О Миллере он узнал от Уильяма Эспенуолла Брэдли{132}
. Брэдли, ныне покойный американский литературный агент, которому Миллер показал свою рукопись, был покорен моментально. Тут я должен уточнить, что это был первый вариант «Тропика Рака». (Читателю, возможно, интересно будет узнать, что за три года, истекшие прежде, чем «Тропик Рака» увидел свет, Миллер много раз переделывал и переписывал эту книгу. В результате осталась лишь треть ее первоначальной версии. Черновик первого варианта бережно хранится в Лос-Анджелесе, в библиотеке Калифорнийского университета.) Потрясенный напором этой книги, Брэдли был вынужден признать, что найти для нее издателя — дело почти безнадежное. Прокручивая в голове возможные варианты, он вспомнил о Кагане, с которым уже имел дела в прошлом. Представляю себе диалог между американским агентом, с энтузиазмом взявшимся пристраивать книгу своего соотечественника, и недоверчивым и подозрительным англичанином.— Послушай, Джек, тут у меня есть для тебя книга — это как раз то, о чем ты всегда мечтал. Ты можешь сделать на ней целое состояние.
— Да? — произносит Каган, насмешливо глядя на собеседника сквозь очки в роговой оправе.
— Это покруче Фрэнка Харриса.
— Да? — произносит Каган, поскучнев.
— Это круче «Фанни Хилл»{133}
, де Сада{134} и даже Рабле.— К чему все эти преамбулы? — говорит Каган, манерно растягивая слова и нюхая гвоздику в петлице. — Почему бы тебе просто не показать мне книгу?
— Это динамит, Джек.
— Ну и что? Мне и раньше приходилось держать в руках динамит.
— Не такой динамит, Джек.
— В твоих устах, Уильям, это звучит довольно интригующе, — тянет Каган, приправляя ответ слабой улыбкой, в которой угадывался сарказм. — Надо посмотреть. А кто автор?
— Некто Генри Миллер.
— Не слыхал о таком.
— Еще услышишь, Джек. Он — гений!
— Замечательно. А халтуру он писать умеет?
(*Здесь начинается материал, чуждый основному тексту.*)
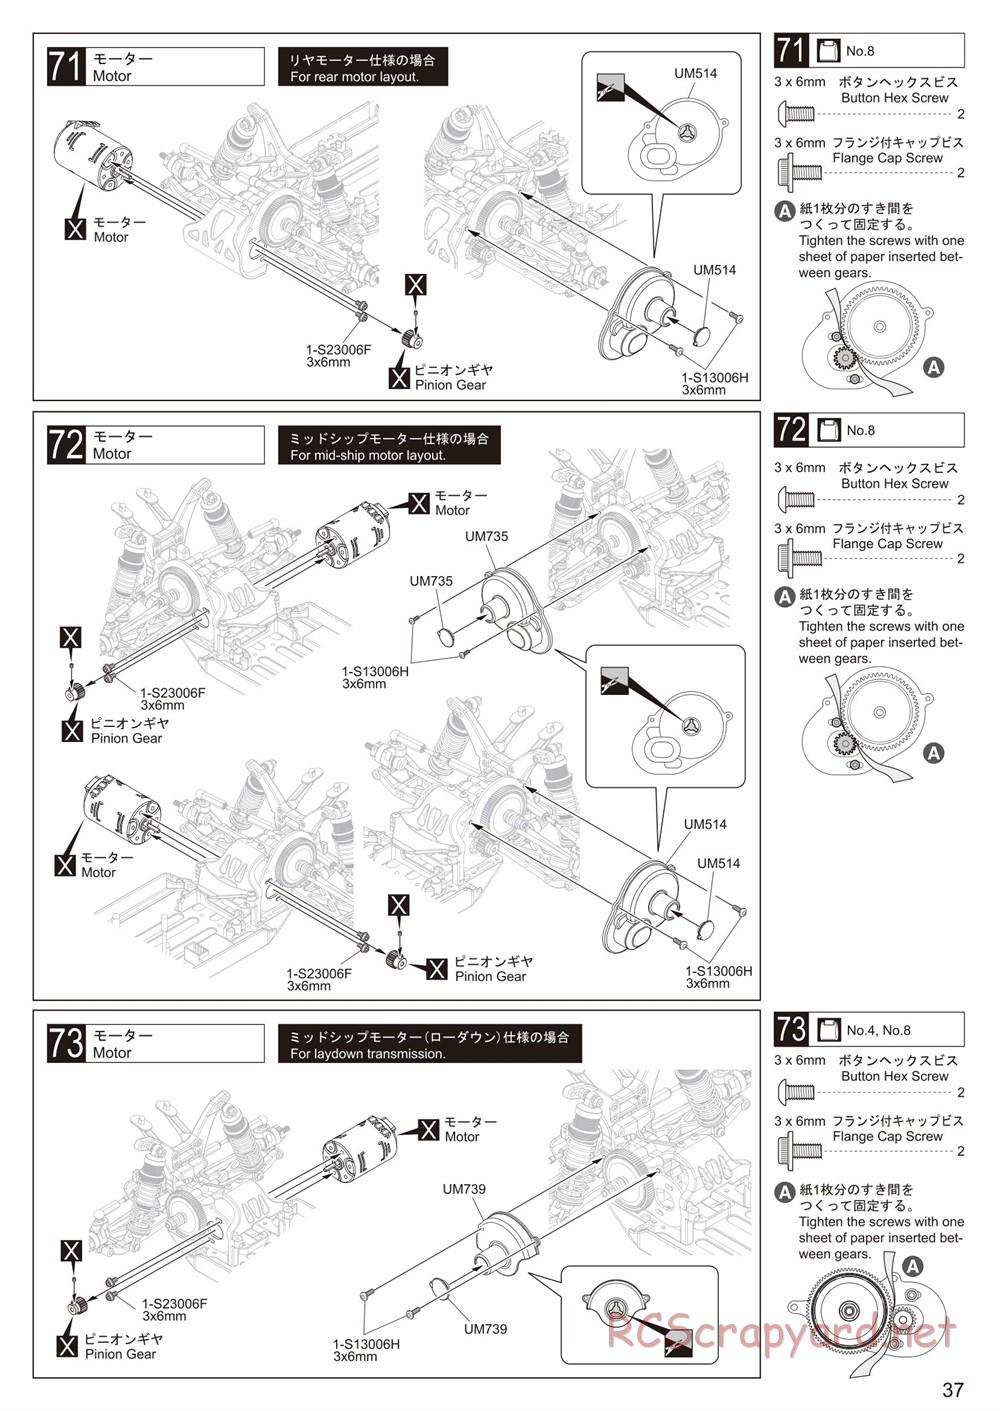 Kyosho - Ultima RB6.6 - Manual - Page 37

— Послушай, Джек, — продолжает Брэдли с угрожающей серьезностью, — я тебя не разыгрываю. Это
Джек Каган, как я уже говорил, в первую очередь был дельцом, и к тому же весьма расчетливым. Он никогда не шел на поводу у своего литературного энтузиазма. Книгу он, естественно, захотел, и захотел немедленно; однако ему понадобилось довольно много времени, чтобы свыкнуться с мыслью ее издать. Он понимал, что Брэдли прав: это не та книга, чтобы в ней что-то вымарывать или заменять, — тут вопрос стоял ребром: либо все, либо ничего; тот грубый язык, которым она написана, был как нельзя более совершенен и существен — убрать «неприличные» слова или заменить их точками было бы равносильно удалению чеснока из провансальского блюда. Каган был достаточно умен, чтобы это понимать.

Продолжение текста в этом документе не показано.